Second Malignant Neoplasms Among Long-Term Survivors of Hodgkin’s Disease: A Population-Based Evaluation Over 25 Years

Graça M. Dores(Ontario Institute for Cancer Research), Catherine Metayer(Ontario Institute for Cancer Research), Rochelle E. Curtis(Ontario Institute for Cancer Research), Charles F. Lynch(Ontario Institute for Cancer Research), E. Aileen Clarke(Ontario Institute for Cancer Research), Bengt Glimelius(Ontario Institute for Cancer Research), Hans H. Storm(Ontario Institute for Cancer Research), ­Eero Pukkala(Ontario Institute for Cancer Research), Flora E. van Leeuwen(Ontario Institute for Cancer Research), Eric J. Holowaty(Ontario Institute for Cancer Research), Michael Andersson(Ontario Institute for Cancer Research), Tom Wiklund(Ontario Institute for Cancer Research), Timo Joensuu(Ontario Institute for Cancer Research), Mars B. vanʼt Veer(Ontario Institute for Cancer Research), Marilyn Stovall(Ontario Institute for Cancer Research), Mary Gospodarowicz(Ontario Institute for Cancer Research), Lois B. Travis(Ontario Institute for Cancer Research)
Journal of Clinical Oncology
August 15, 2002
Cited by 563

Abstract

PURPOSE: To quantify the relative and absolute excess risks (AER) of site-specific second cancers, in particular solid tumors, among long-term survivors of Hodgkin's disease (HD) and to assess risks according to age at HD diagnosis, attained age, and time since initial treatment.

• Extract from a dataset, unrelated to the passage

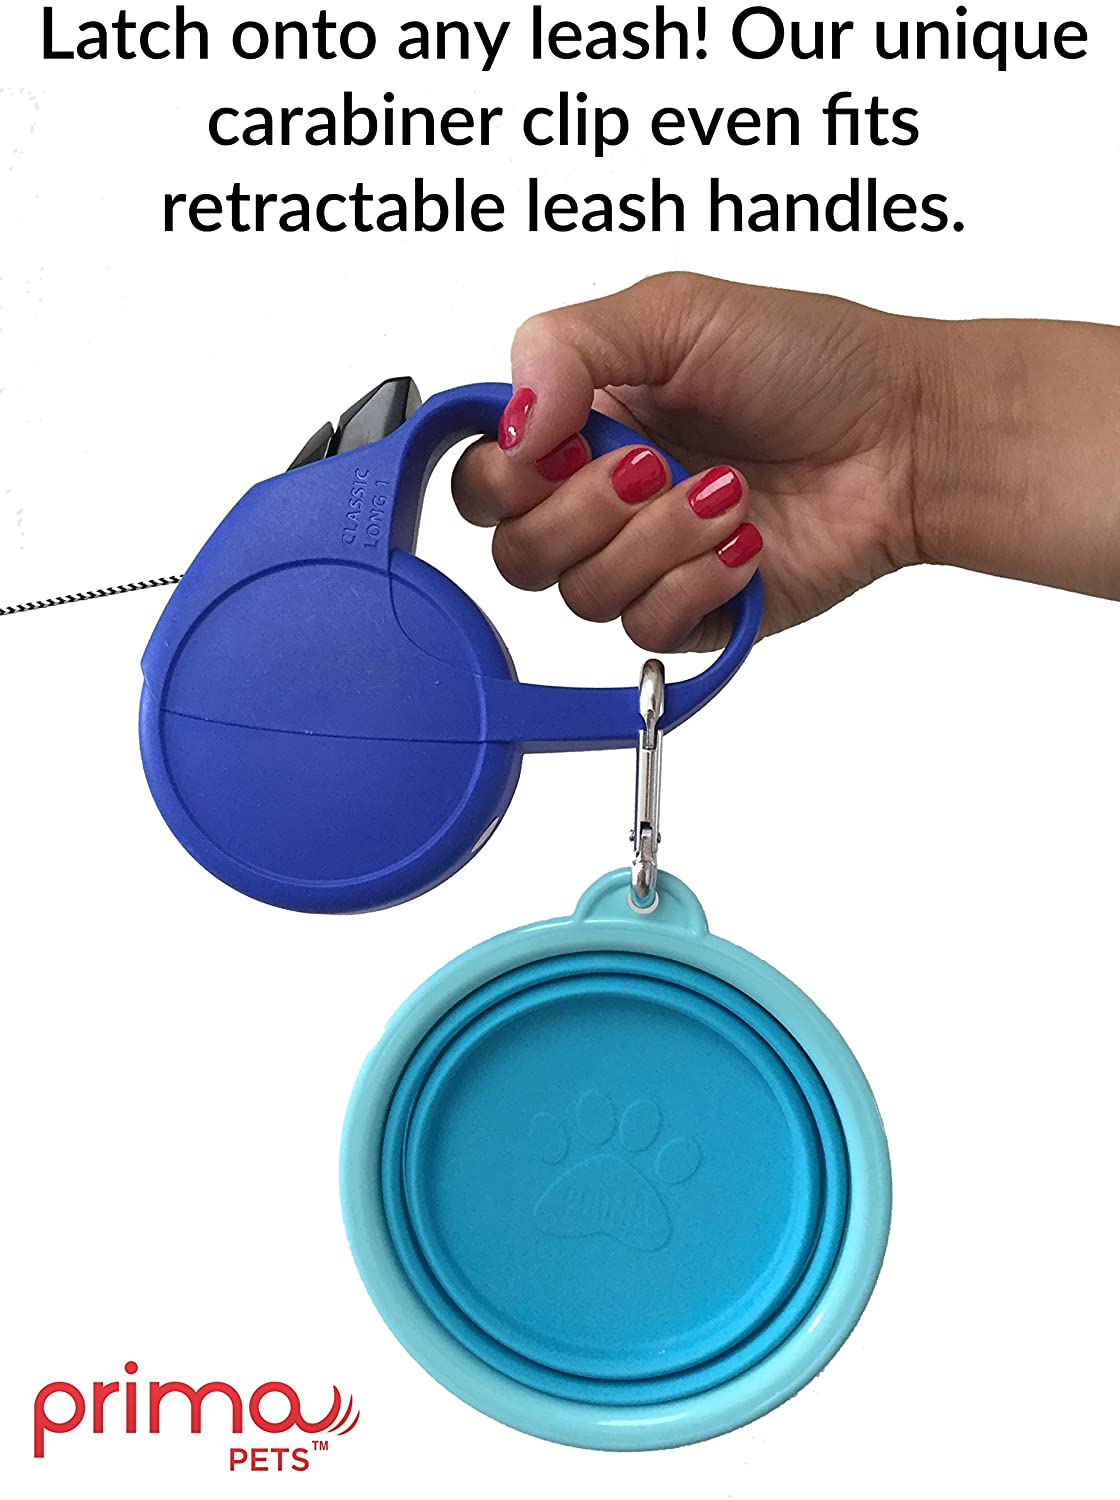 Prima Pet Expandable/ Collapsible Silicone Food & Water Travel Bowl with Clip for Small & Medium Dog and Cat, Size: 1.5 Cups (5.1 Inch Diameter Bowl) (AQUA) - (For 12 piece(s))

PATIENTS AND METHODS: Data from 32,591 HD patients (1,111 25-year survivors) reported to 16 population-based cancer registries in North America and Europe (1935 to 1994) were analyzed. RESULTS: Two thousand one hundred fifty-three second cancers (observed-to-expected ratio [O/E] = 2.3; 95% confidence interval [CI] = 2.2 to 2.4), including 1,726 solid tumors (O/E = 2.0; 95% CI, 1.9 to 2.0) were reported. Cancers of the lung (observed [Obs] = 377; O/E = 2.9), digestive tract (Obs = 376; O/E = 1.7), and female breast (Obs = 234; O/E = 2.0) accounted for the largest number of subsequent malignancies. Twenty-five years after HD diagnosis, the actuarial risk of developing a solid tumor was 21.9%. The relative risk of solid neoplasms decreased with increasing age at HD diagnosis, however, patients aged 51 to 60 years at HD diagnosis sustained the highest cancer burden (AER = 79.2/10,000 patients/year). After a progressive rise in relative risk and AER of all solid tumors over time, there was an apparent downturn in risk at 25 years. Temporal trends and treatment group distribution for cancers of the esophagus, stomach, rectum, female breast, bladder, thyroid, and bone/connective tissue were suggestive of a radiogenic effect. CONCLUSION: Significantly increased risks of second cancers were observed in all HD age groups. Although significantly elevated risks of stomach, female breast, and uterine cervix cancers persisted for 25 years, an apparent decrease in relative risk and AER of solid tumors at other sites is suggested.